Supadata Skill

One API for YouTube transcripts, search, channel ingestion, structured extraction, and metadata across YouTube + social video platforms.

Base URL: https://api.supadata.ai/v1
Auth header: x-api-key: $SUPADATA_API_KEY
Env var: SUPADATA_API_KEY

When to Use Which Endpoint

Goal	Endpoint	Cost
Get transcript from a YouTube/social URL	`/transcript` or `/youtube/transcript`	1 credit (native) / 2 credits/min (AI)
Transcribe many videos at once	`/youtube/transcript-batch`	1 credit/video (native)
Search YouTube by keyword	`/youtube/search`	1 credit/page
List all video IDs from a channel	`/youtube/channel-videos`	1 credit
Get video/channel/playlist metadata	`/youtube/video`, `/youtube/channel`, `/metadata`	1 credit
Extract structured data from a tutorial (visual content)	`/extract`	varies (AI vision)
Scrape a web page to Markdown	`/web/scrape`	1 credit

Key decision: Transcript vs Extract

Use Transcript when content is mostly spoken / narrated. Cheaper, faster.
Use Extract when the video is a tutorial/demo where important content is shown on screen but NOT spoken aloud (e.g. Midjourney prompts typed into UI, ComfyUI node graphs, on-screen settings panels, code shown without narration). Extract runs a vision model on the video frames.

1. YouTube Transcript

Single video (YouTube-specific, most common)

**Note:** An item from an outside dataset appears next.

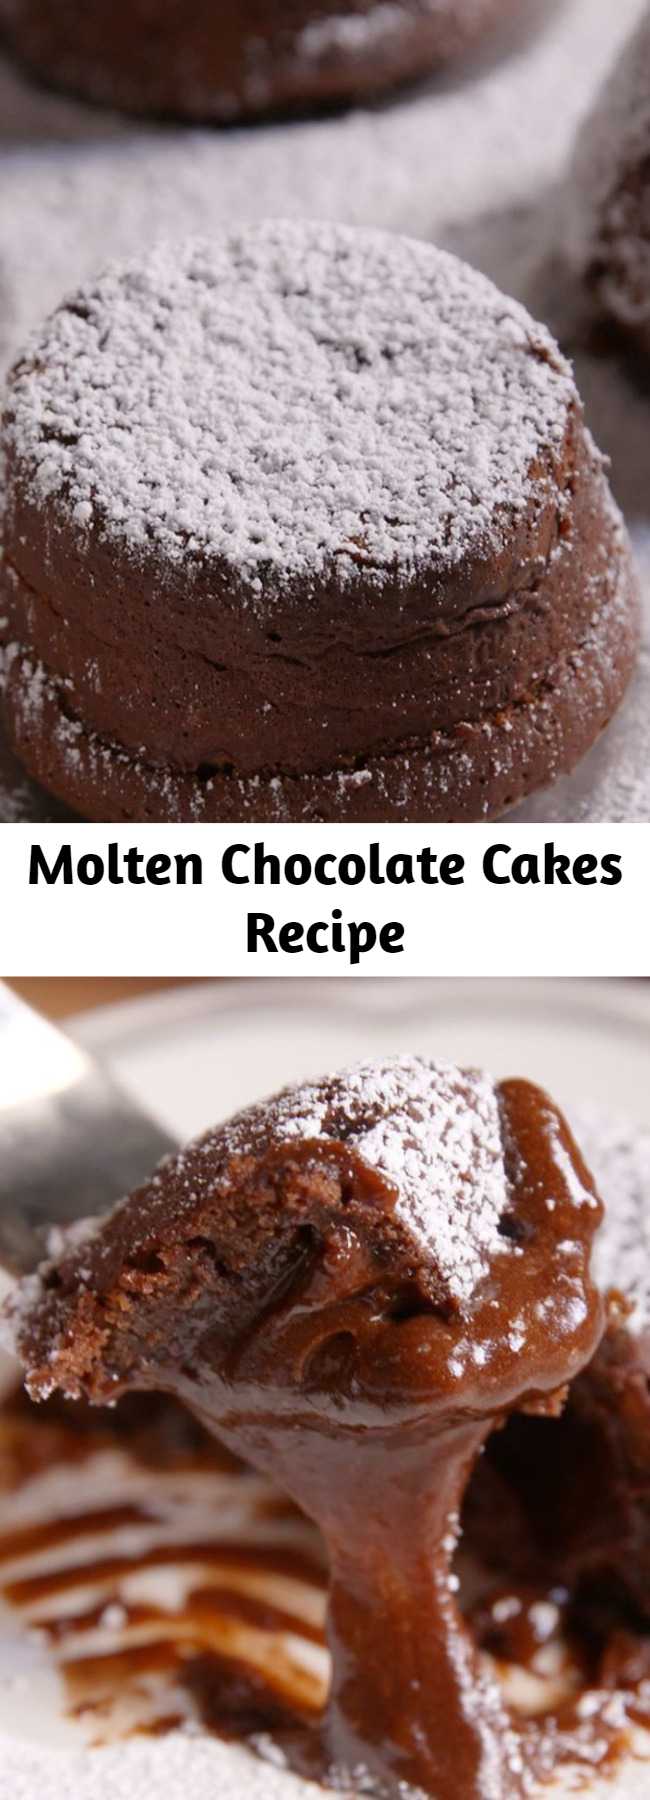 Molten Chocolate Cakes Recipe - Sure, chocolate cake is great. But MOLTEN chocolate cake? For chocolate lovers, this one is the ultimate. Now you don't have to go out to a fancy restaurant for molten chocolate cakes.

curl -X GET "https://api.supadata.ai/v1/youtube/transcript?url=https://youtu.be/VIDEO_ID&text=true&lang=en" \
  -H "x-api-key: $SUPADATA_API_KEY"

Parameters:

Param	Values	Notes
`url`	YouTube URL	Required
`text`	`true` / `false`	`true` = plain string, `false` = timestamped chunks
`lang`	ISO 639-1 (e.g. `en`)	Optional, defaults to first available

Response (text=true):

{
  "content": "Full transcript as plain text...",
  "lang": "en",
  "availableLangs": ["en", "es"]
}

Response (text=false):

{
  "content": [
    { "text": "Hello everyone", "offset": 0, "duration": 2500, "lang": "en" }
  ],
  "lang": "en",
  "availableLangs": ["en"]
}

Cross-platform transcript (YouTube, TikTok, Instagram, X, Facebook, file URL)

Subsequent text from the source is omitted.